Public secondary school in the United States

Freeport High School is a public secondary school located in Freeport, Illinois, United States. It is a part of the Freeport School District 145.

The district includes Freeport, Cedarville, Ridott, and Willow Lake.

==Demographics==
In the 2014–2015 school year, Freeport High School had a population of 55.2% white students, followed by 23.7% black students, 10.7% students of two or more races, 8.7% Hispanic students, and 1.6% of students grouped as "other" (Asian, American Indian, etc.). In the same year, 63.7% of the student body was classified as "low income".

==Academics==
In 2015, Freeport had an average composite ACT score of 19.3, just below the state average at 20.5. It graduated 82.5% of its senior class.
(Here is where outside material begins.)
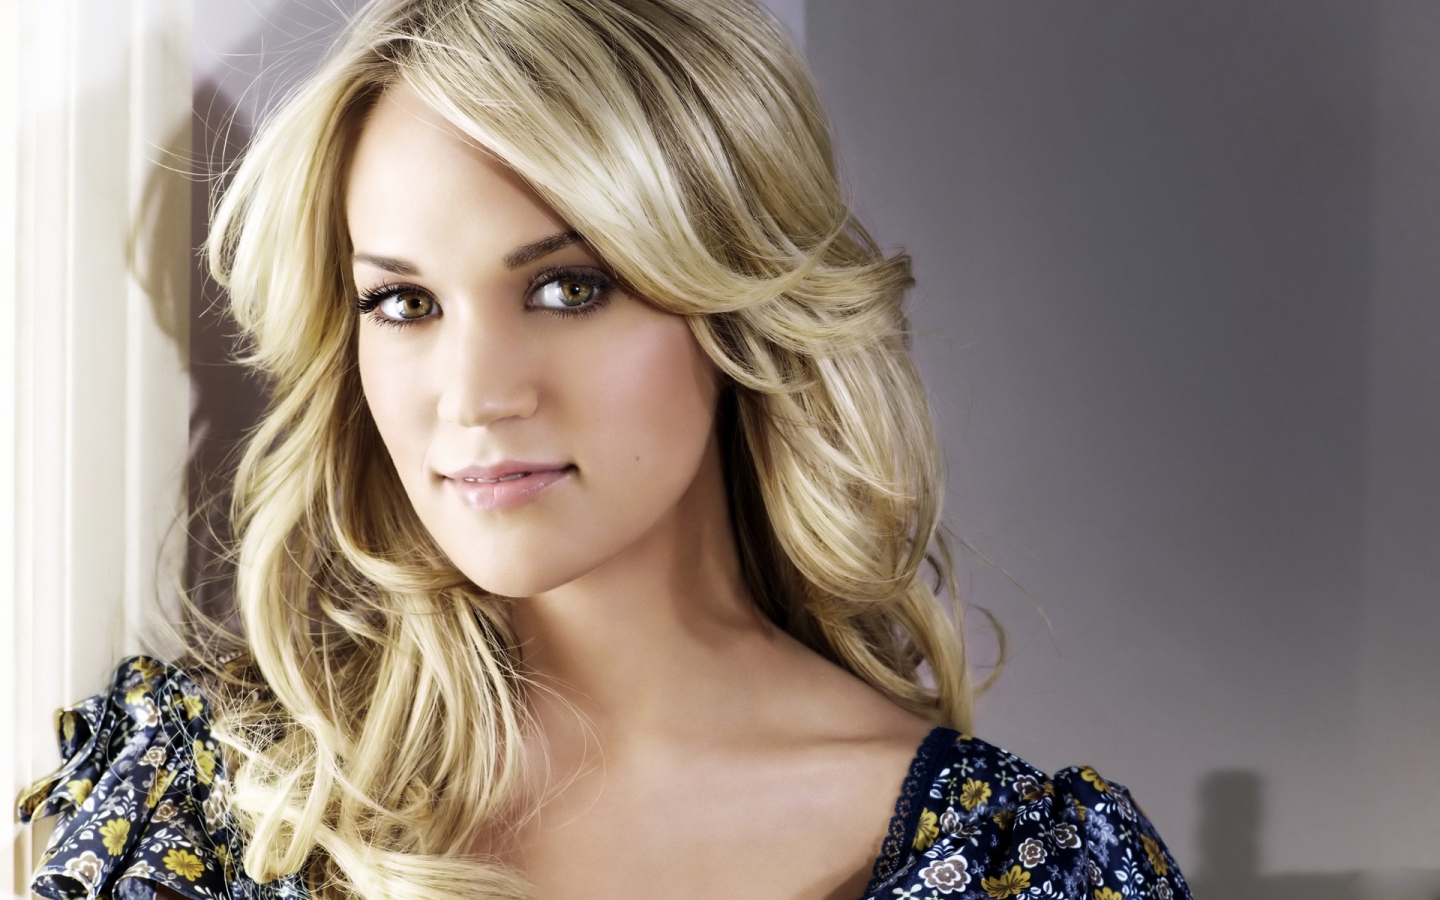 Amazing Carrie Underwood for 1440 x 900 widescreen resolution

Freeport has not made Adequate Yearly Progress (AYP) in recent years, and, as of the 2013–2014 school year, has been on the state academic watch list for eight consecutive school years. The school has been well below the state minimum AYP target in math, reading, and graduation rate.

==Activities==
The following teams won their respective IHSA sponsored state championship tournaments:

- Basketball (boys): State Champions (1914–15, 1925–26, 1950–51)
- Bowling (boys): State Champions (2007–08)
- Speech: State Champions (1940–41, 1941–42, 1948–49, 1949–50, 1950–51, 1955–56)
- Drama: State Champions (1940–41, 1942–43, 1948–49, 1950–51, 1955–56)
- Debate: State Champions (1949–50, 1955–56)

==Notable alumni==
- Dan Balz, journalist for the Washington Post
- Richard Wayne Dirksen, Fourth Organist Choirmaster of Washington National Cathedral
- Kim Hughes, ABA/NBA basketball player
- Keondre Jackson, NFL safety for the Baltimore Ravens
- Robert L. Johnson, former CEO, Chairman, founder of Black Entertainment Television (BET)
- Scot McKnight, New Testament scholar
- Trisha Paytas, YouTube personality
- Jason Pearson, MLB baseball player
- Preston Pearson, played 14 years in the National Football League

==Notable staff==
- Adolph Rupp was the boys' basketball coach (1926–30). He left to coach at the University of Kentucky (1930–72), leading the Wildcats to four NCAA Men's National Championships in his Hall of Fame career.